# River Fal from Google Earth.



## Old Janner (Mar 11, 2009)

Have just had a look at the River Fal from Google and noticed on the Tolverne site of the moorings, there is a large cargo ship, with a smaller one tied alongside.
To the stern of these two is another ship that looks to be half submerged, just the for deck and the bows showing color above the water, looks to be a ship about four thousand tons.

_It's probably sitting on some of my fishing hooks I lost up there when I was on the Laid up BP Tankers.
_
Does anybody have the name of the ship or some history behind this ?

Old Janner.


----------



## MikeK (Jul 3, 2007)

Hi just had a quick magic carpet ride on Google Earth to see what you mentioned, most strange ! She certainly looks half sunk which surely must have caused comment somewhere ! I did notice that she is the sister ship of the smaller one tied up alongside the big one. The heli deck aft on both suggest some sort of research or standby ships maybe ?

Mike


----------



## chadburn (Jun 2, 2008)

The vessel appear's to be the MV Windsor Castle which I believe was a former Irish Bouy/Lighthouse? mtce vessel, it also appears to be a shadow across her Stern.


----------



## A.D.FROST (Sep 1, 2008)

unknown ship (under cloudshadow),TAMAMINA (ex.CRESTBANK) together with WINDSOR CASTLE (Bamfords Boat)


----------



## Old Janner (Mar 11, 2009)

chadburn said:


> The vessel appear's to be the MV Windsor Castle which I believe was a former Irish Bouy/Lighthouse? mtce vessel, it also appears to be a shadow across her Stern.

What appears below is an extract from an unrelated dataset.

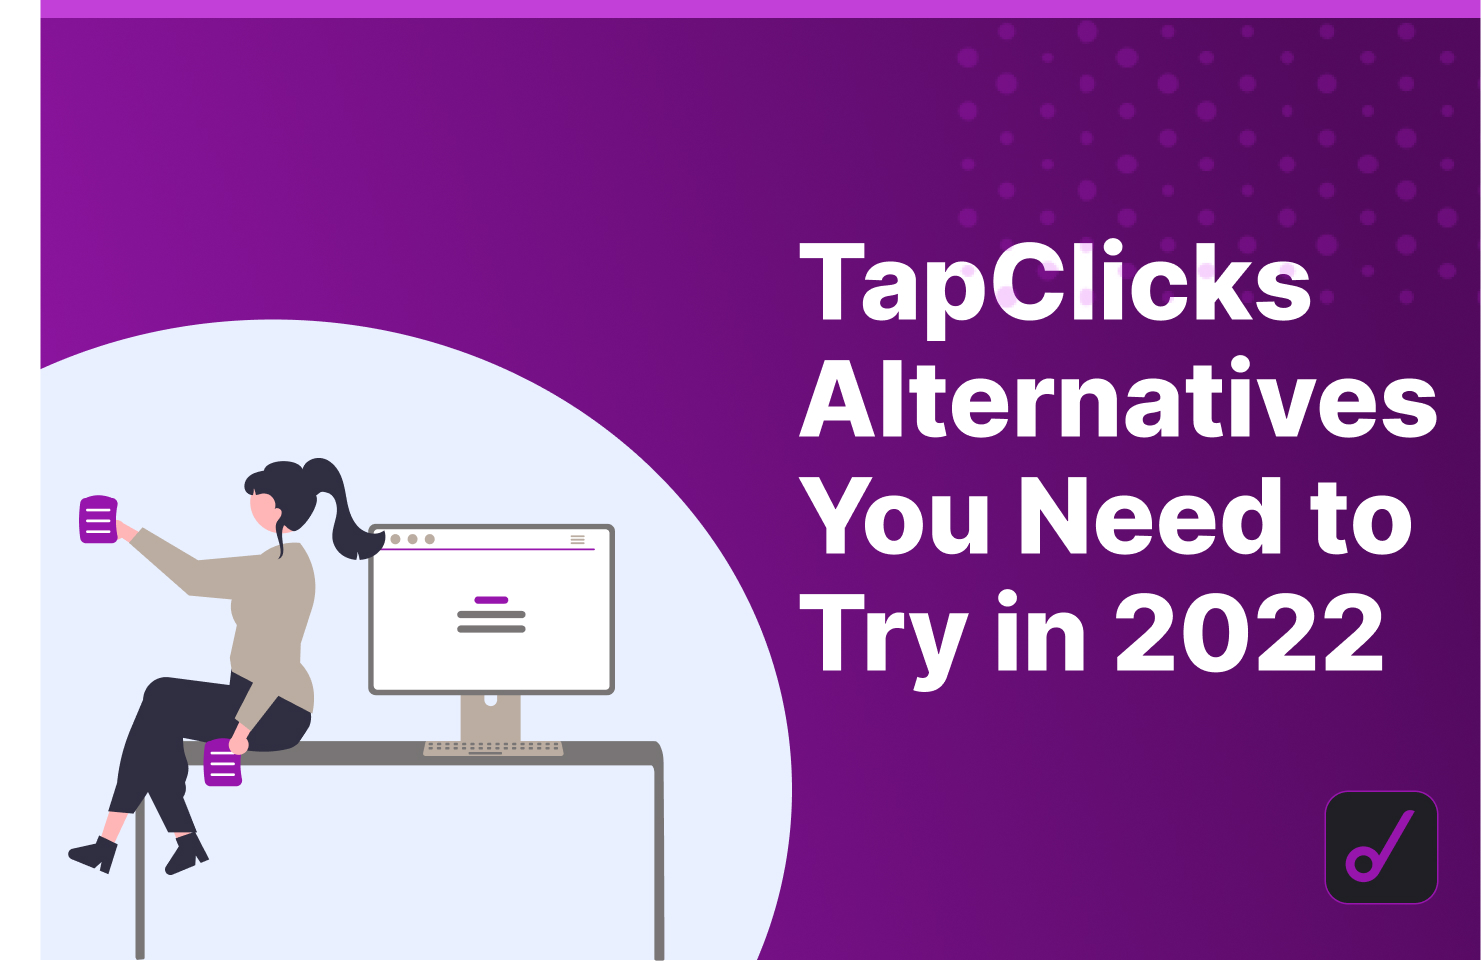 7 TapClicks Alternatives to Try in 2022

Have just had another look, I would doubt the cloud shaddow as you will note the Mooring ropes and the Bouy are seen to be under water.

The ripples on the surface tend to give the Impression of sunlight reflection.

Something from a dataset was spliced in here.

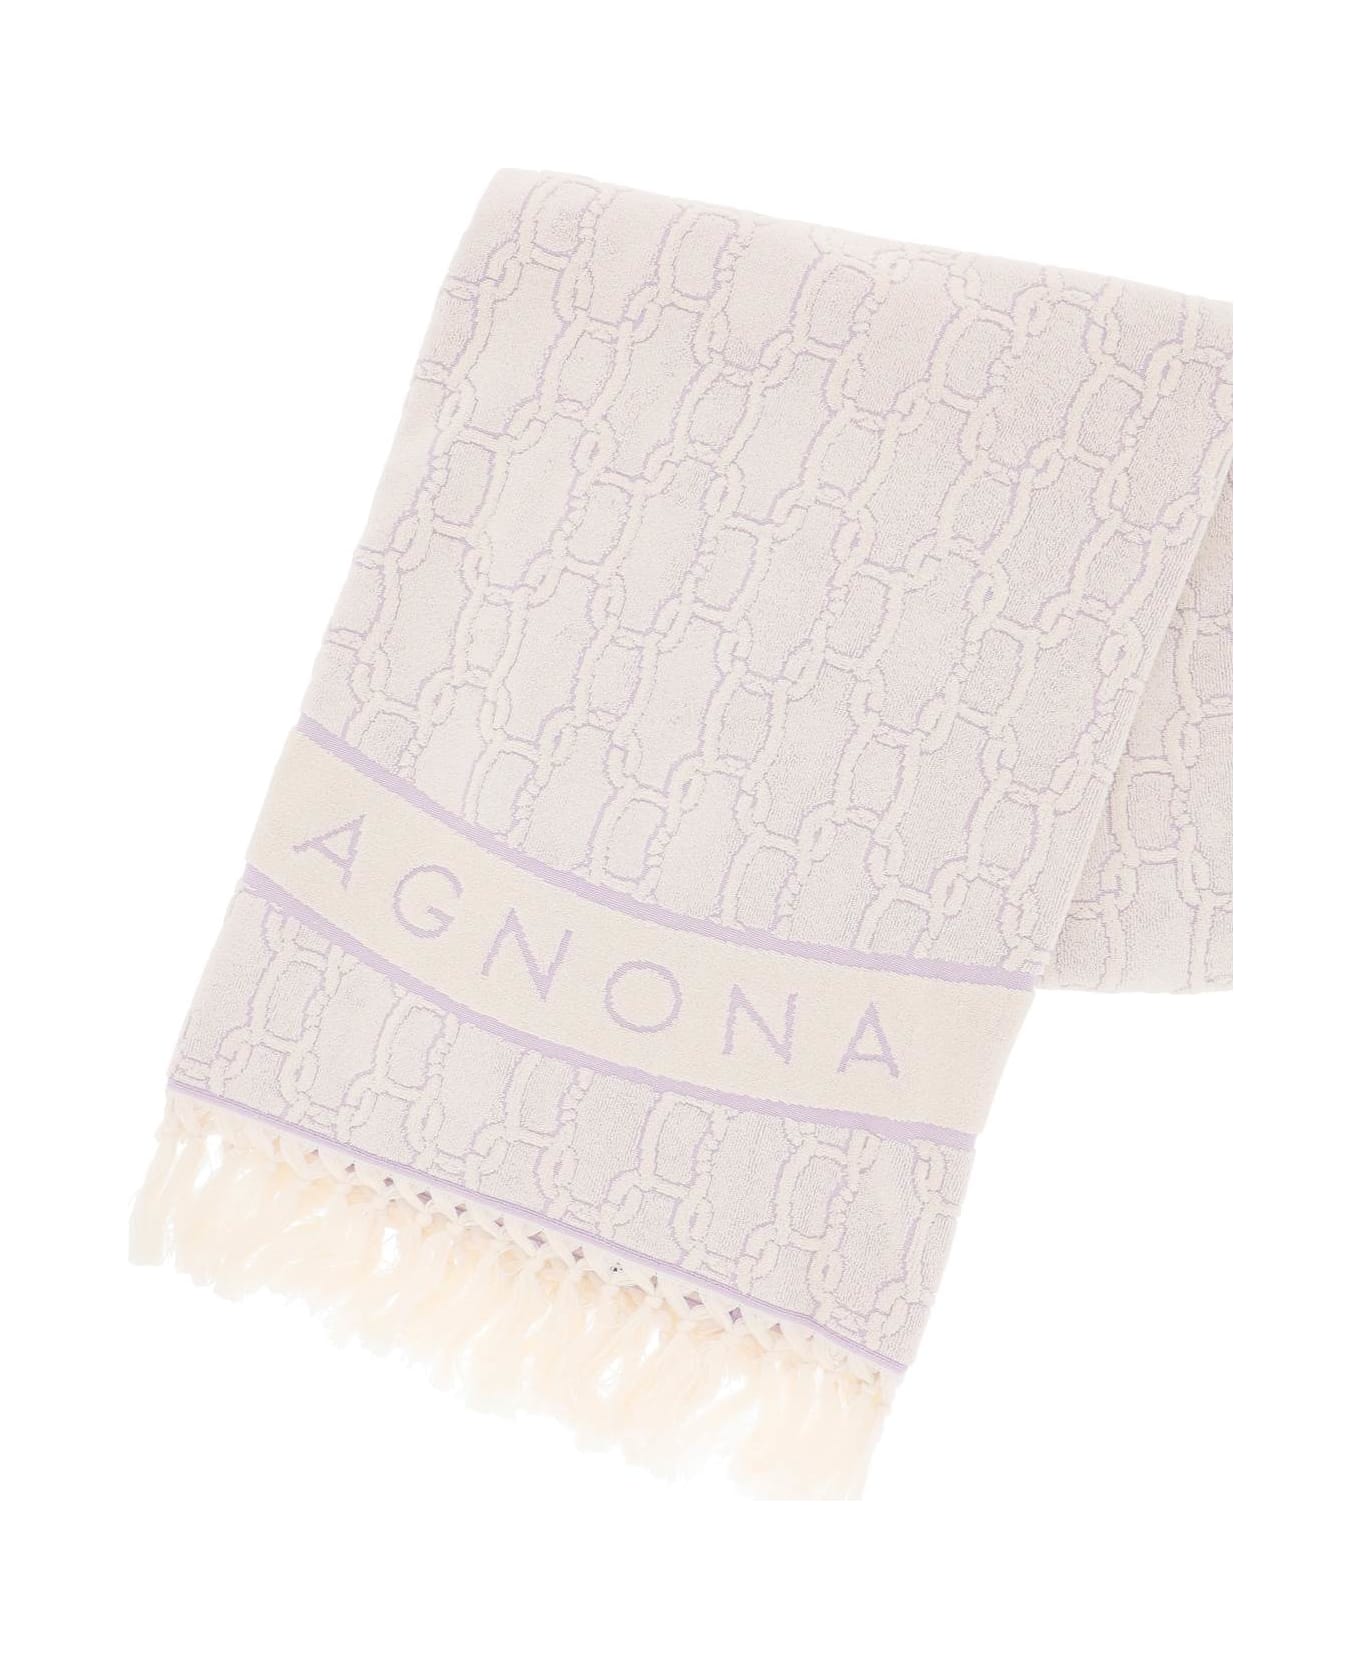 Agnona 'chain' Beach Towel - MALVA (White)

Peronally I think the stern is on the bottom its not very deep at this part and at low springs the ships in this part sit in the mud.

Does anybody know if plans are in place to remove the ship, repair and refloat ?

Old Janner.


----------



## MikeK (Jul 3, 2007)

Old Janner said:


> Have just had another look, I would doubt the cloud shaddow as you will note the Mooring ropes and the Bouy are seen to be under water.
> 
> The ripples on the surface tend to give the Impression of sunlight reflection.
> 
> ...


Got to say I am of the same opinion as yo OJ, it just doesn't look like cloud. Surely there is some member of SN down that neck of the woods that could settle this ? (Thumb)

Mike


----------



## A.D.FROST (Sep 1, 2008)

Telephone the 'Smugglers Cottage' 01872580309 (its just outside the front door) Its dout full that the bouy and the ship would have sunk together.If it was half sunk then how dose it cast a full lenght shadow on the water.(photo.taken before 2006)


----------



## Neil Mant (Sep 11, 2005)




----------



## Duncan112 (Dec 28, 2006)

I suspect it is where the photos have been stitched to make the panorama


----------



## MikeK (Jul 3, 2007)

Neil Mant said:


> View attachment 33287


There's a dinghy of some sort to the south that also looks submerged, so that might be a clue ?

Mike


----------



## Tommy Kirkpatrick (Nov 25, 2005)

The half sunk ship looks very much like it's another photo of the Windsor Castle and it's sloppy work by who ever stitched the photos together.


----------



## MikeK (Jul 3, 2007)

Tommy Kirkpatrick said:


> The half sunk ship looks very much like it's another photo of the Windsor Castle and it's sloppy work by who ever stitched the photos together.


If so, how did he/she manage to reverse the image and put it at a totally different angle ? Don't think we will ever get a solid answer ?


----------